By Brad Polumbo
Your wallet may take an extra hit the next time you order dinner via the popular food delivery app DoorDash, courtesy of your helpful local government officials. That is, if you live in St. Louis, Chicago, Seattle, or one of the other 57 localities where DoorDash customers just got hit with a $1 to $2.50 “regulatory response fee” on every order.
How did this stomach ache come to pass?
A New Food Delivery Business Model
Well, at the beginning of the pandemic, food delivery apps like DoorDash, UberEats, and Postmates saw an explosion in customers. But the burgeoning digital services were growing before the outbreak of COVID-19 by offering a new business model connecting restaurants with third-party delivery drivers and customers who want food delivered. Of course, restaurants didn’t—and don’t—have to participate. They can hire their own delivery drivers and operate under the traditional delivery business model, as many small shops still do.
However, restaurants that participated saved money because they didn’t have to hire full-time drivers on their staff. And they also reached tons of new customers who found them through DoorDash and the other digital portals.

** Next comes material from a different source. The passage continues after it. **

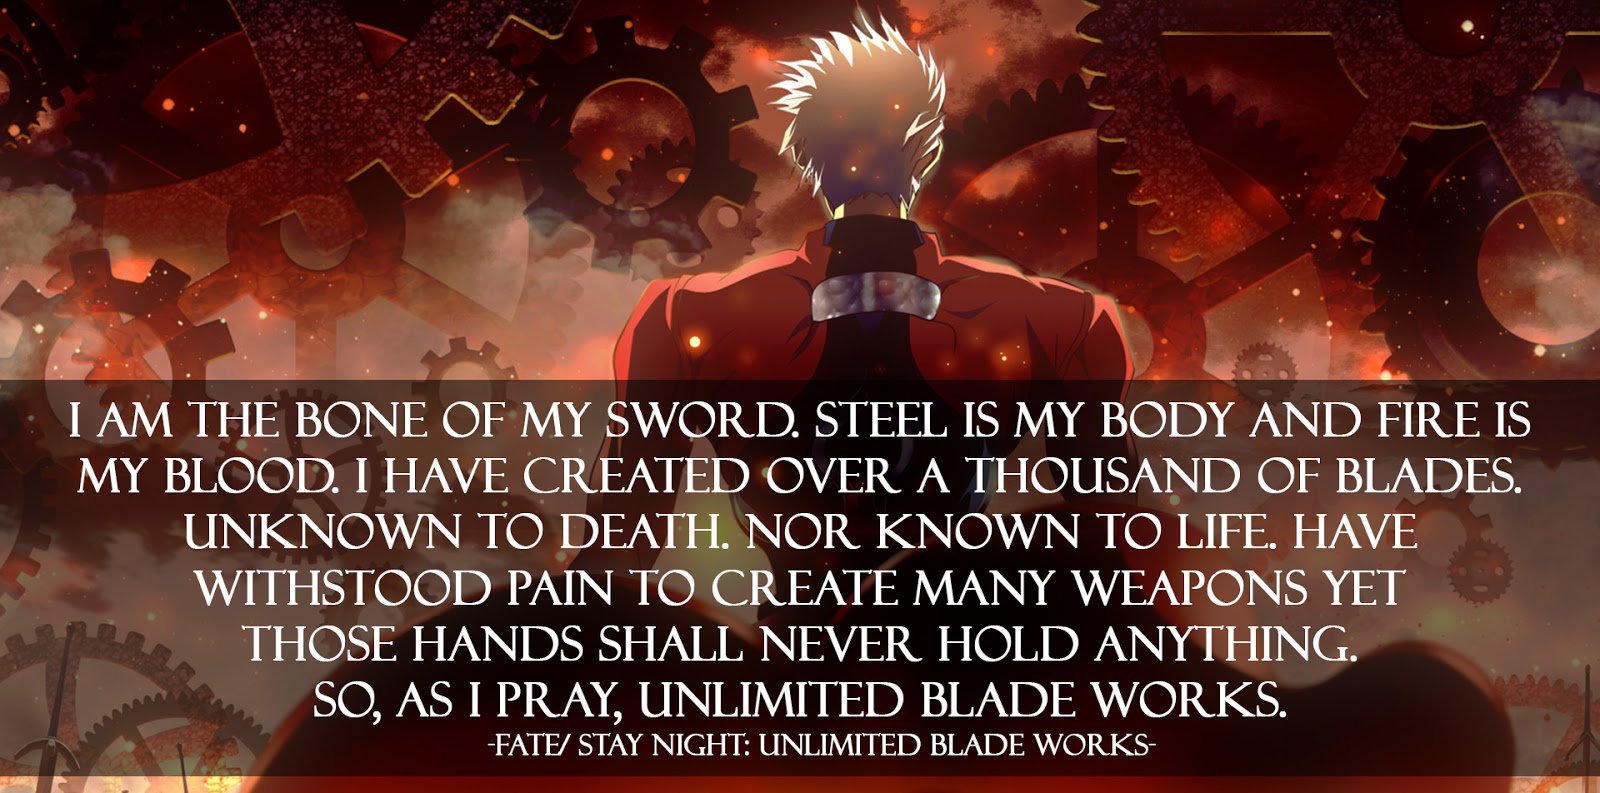 Fate/ stay night: unlimited blade work.

To make its share of the money for the service it provides, DoorDash charged the restaurants fees on orders. Of course, these fees are necessarily less expensive than hiring drivers yourselves—or no restaurants would choose to participate.
Still, restaurant owners weren’t happy to suddenly have the majority of their business funneled through a fee-based system. So, instead of negotiating with DoorDash or coming up with a different model, they lobbied local governments to impose legal caps below the market rate on the fees the food delivery companies could charge.
Government Regulators Get Involved
Busybody politicians quickly complied.
“With the rising dependence on food delivery through the pandemic, several dozen cities, counties and even states have pushed back by capping commissions at 15 percent of the total cost of orders — what DoorDash can charge restaurants for generating a sale and delivering food,” NBC News reports.
NBC reporter Cyrus Farivar found “68 localities that have passed such caps.”
Perhaps politicians expected DoorDash to simply eat the losses, but this was never likely to happen. Per NBC, the company is billions in debt and did not turn a profit in the third and fourth quarters of 2020. So, DoorDash responded to the restrictions on what they can charge restaurants by slapping customers with new fees.
Congratulations! The government helped so much that ordering your dinner now costs 10 percent more.
The Problem With the Government Picking Winners and Losers
This dysfunctional unintended result of regulating DoorDash is just one example of a much broader phenomenon.
When government bureaucrats meddle in the market to pick winners and losers, the real loser is usually you: the consumer. In a competitive free market, businesses can only earn more profits by better serving more customers’ needs. When crony regulations are passed, though, benefitting businesses can get arbitrary windfalls at their competitors’ and customers’ expense.
As economist Pers Bylund has explained, regulation “creates winners” by “propping up incumbents.” However, he points out that it “creates losers” by “redistributing value and economic capabilities to those favored politically” rather than through merit-based market competition.
“Needless to say, this inequality is not beneficial for society overall, but only for those who are favored,” Bylund writes. “It is the creation of winners by creating losers.”
When it comes to crony local regulations helping restaurants at delivery apps’ expense, the losers are average Americans who just want to order an affordable meal.